My lab is a walking bundle of ironies
2026年3月14日ITELS speaking: describe your workplace
My lab is basically a walking bundle of ironies. We’re tucked away in the Department of Formal Methods, but is anyone actually doing “formal” work? Fat chance. Everyone is just obsessed with the ChatGPT hype and the whole LLM circus.
My project is to use LLMs to solve cases of Detective Winston –figure out who the killer is and see which company’s language model has the most powerful brain.
But just guessing the killer doesn’t cut it. The reasoning has to be correct too. My advisor had a bright idea: why not use a chatbot to analyze the reasoning process?
And I’m like, “Wait… isn’t that like making the player a referee?”
My advisor went, “Not really. If the reasoning is from ChatGPT, we let Gemini judge it. If the reasoning is from Gemini, we let Claude judge it.”

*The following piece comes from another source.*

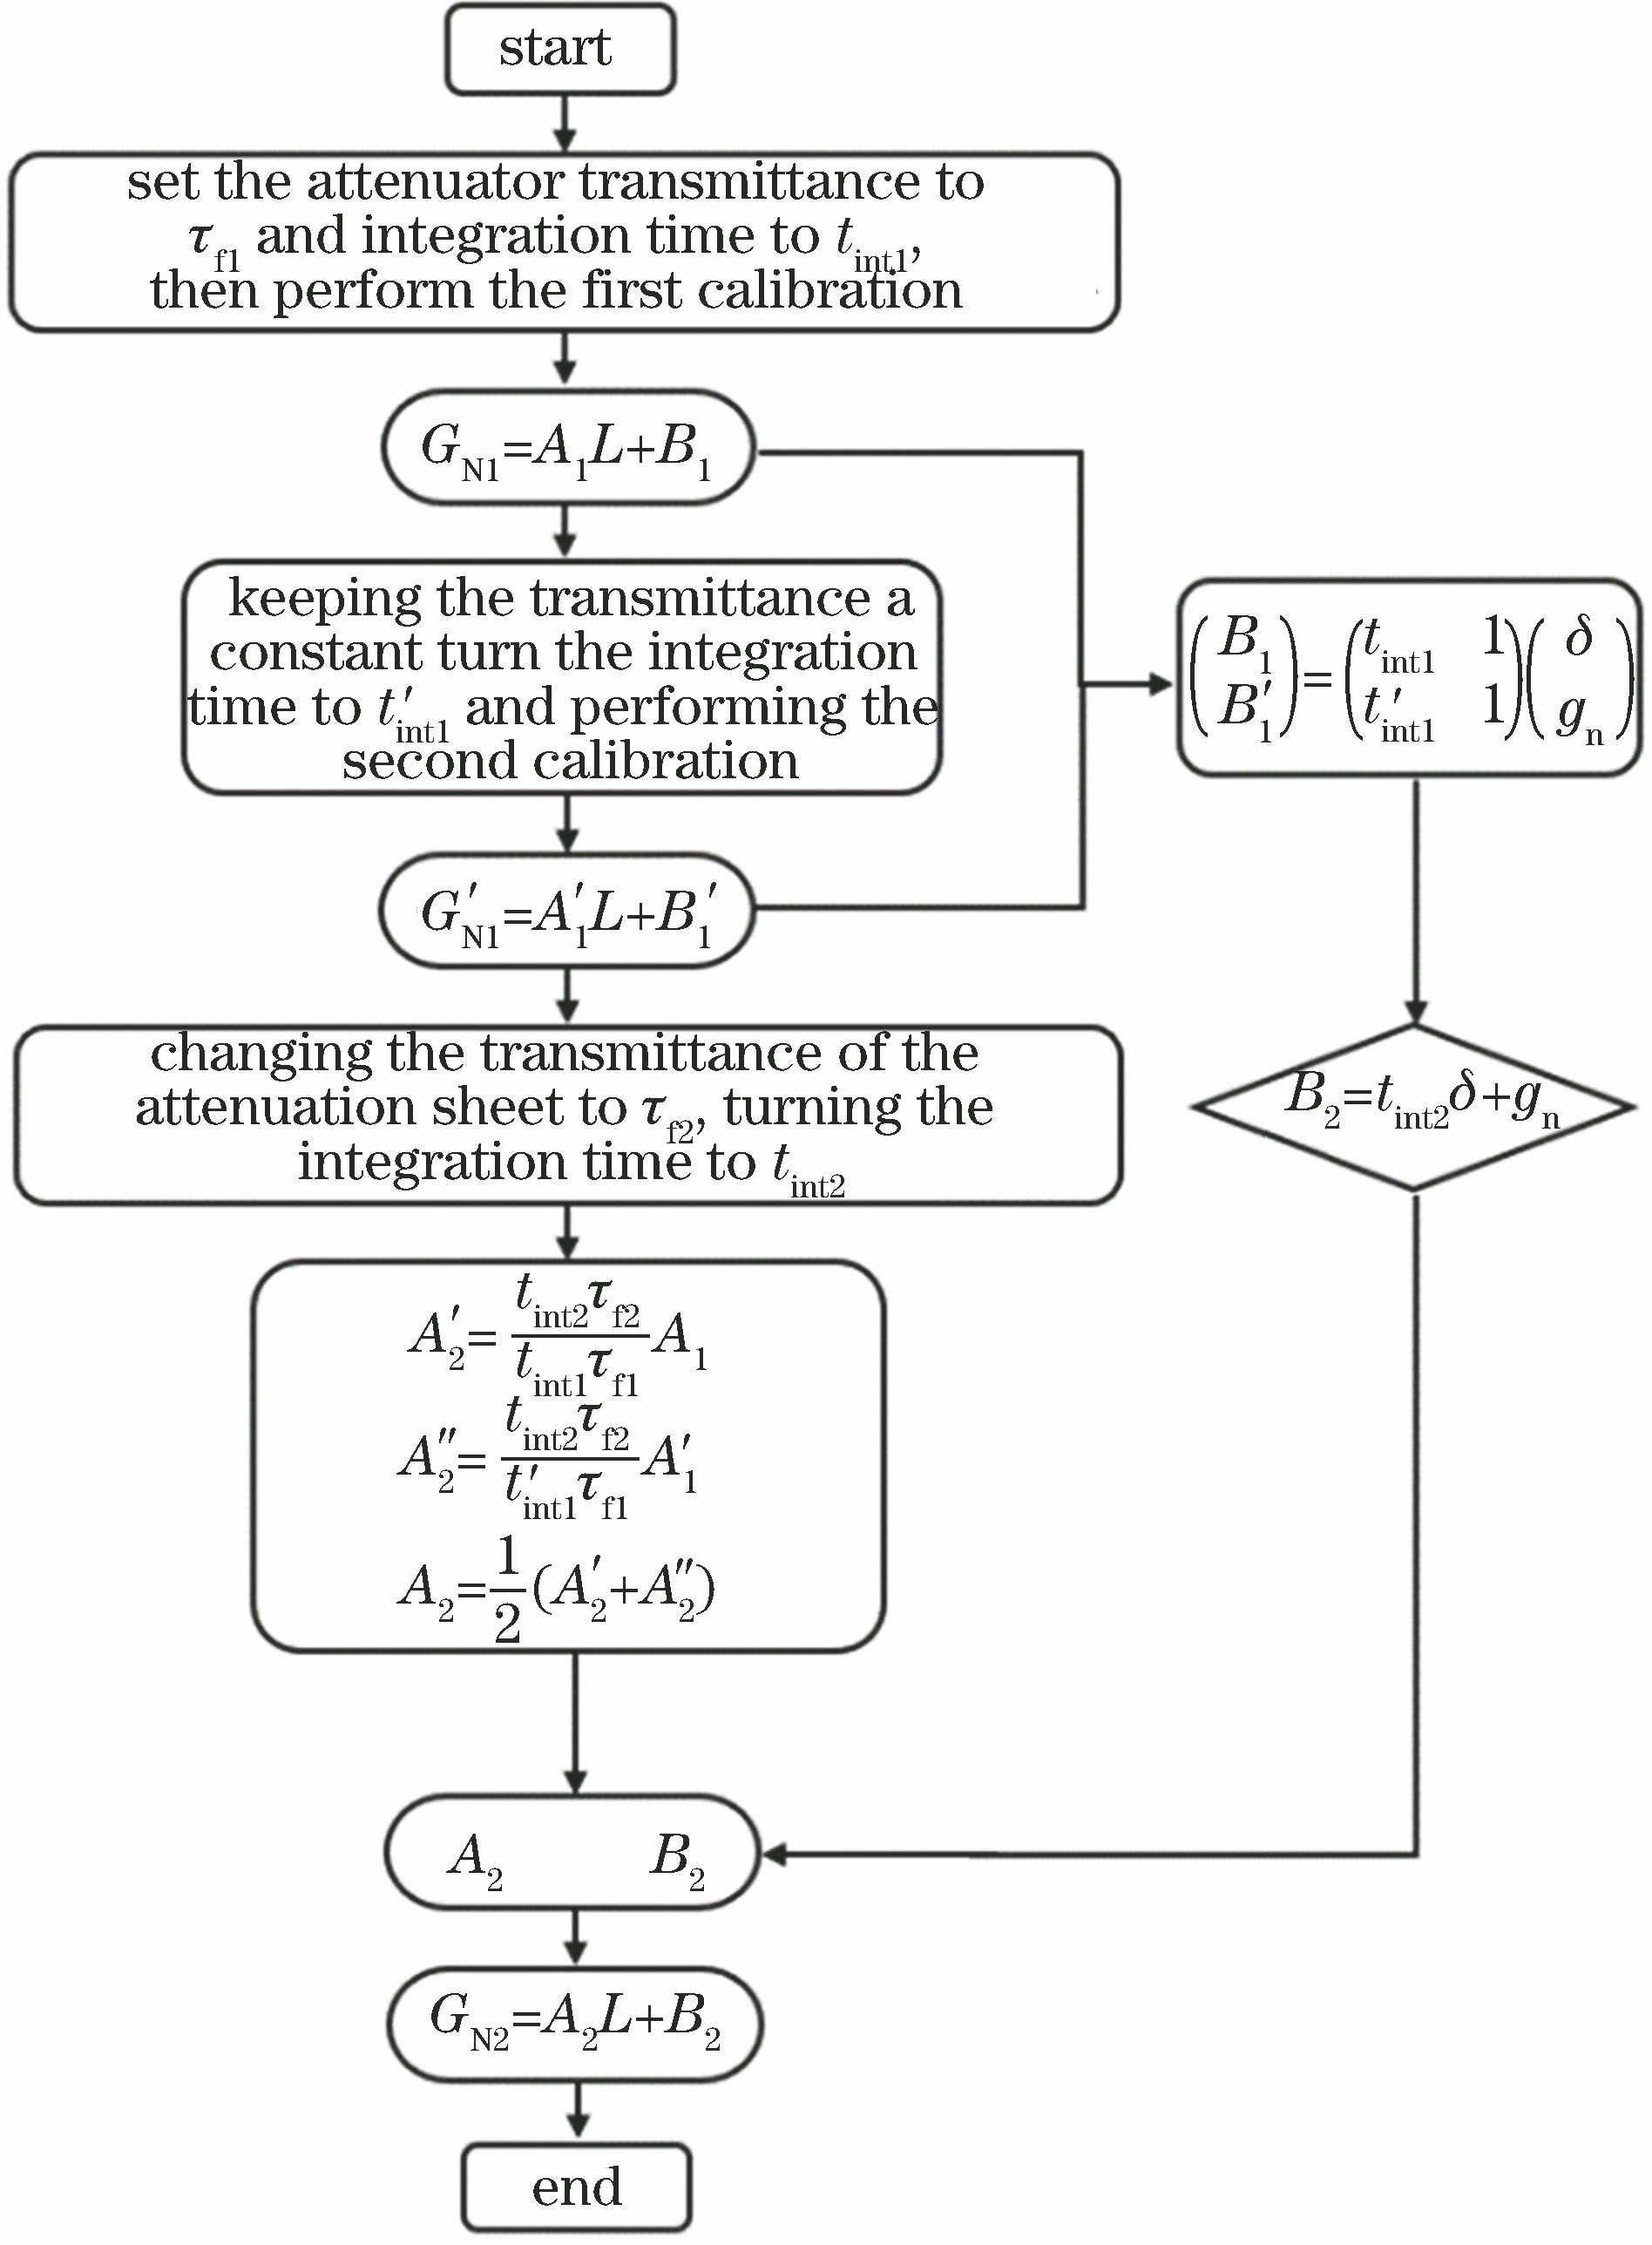 Flow chart of simplified calibration method

Well, guess what happens now? LLMs give low scores to reasoning that wasn’t likely generated by themselves…
The irony doesn’t stop at the grading; the dataset is a mess too. Every case in the dataset has some key prop in the story. I’ll just call it the “triangle.”
My primary advisor was set on using triangles with equal side lengths.
My co-advisor instructed ChatGPT to build a triangle generator, and also blended the triangles into the storylines. Both advisors were like, “Great! Hurry up and run experiments on this dataset!”
After preprocessing for 2 weeks (such as translating to Japanese, matching with Detective Conan and Sherlock Holmes) and running experiments for another 2 weeks, I fancied some visualizations. However, the triangles looked all crooked and weird. I thought my code had a bug. I checked again and realized: the triangles my co-advisor generated were “isosceles” ones.
But I had assumed the triangles in our case collection were “equilateral”.
Neither my co-advisor nor I are familiar with triangles. My main advisor is “moderately” familiar with geometry, but he didn’t use very technical terms when he described them. So at the time, neither of us realized that triangles could be classified.
Anyway… we’ve spent time and a small fortune (not mine) on isosceles triangles and we’ve even started writing the evaluation section because the paper deadline is in two months.
Nevertheless, look on the bright side. I’m fortunate in the sense that my co-advisor is a doer–he contributed code and data.
Analysis:
The whole script is dripping with irony, and the final line is the finishing touching.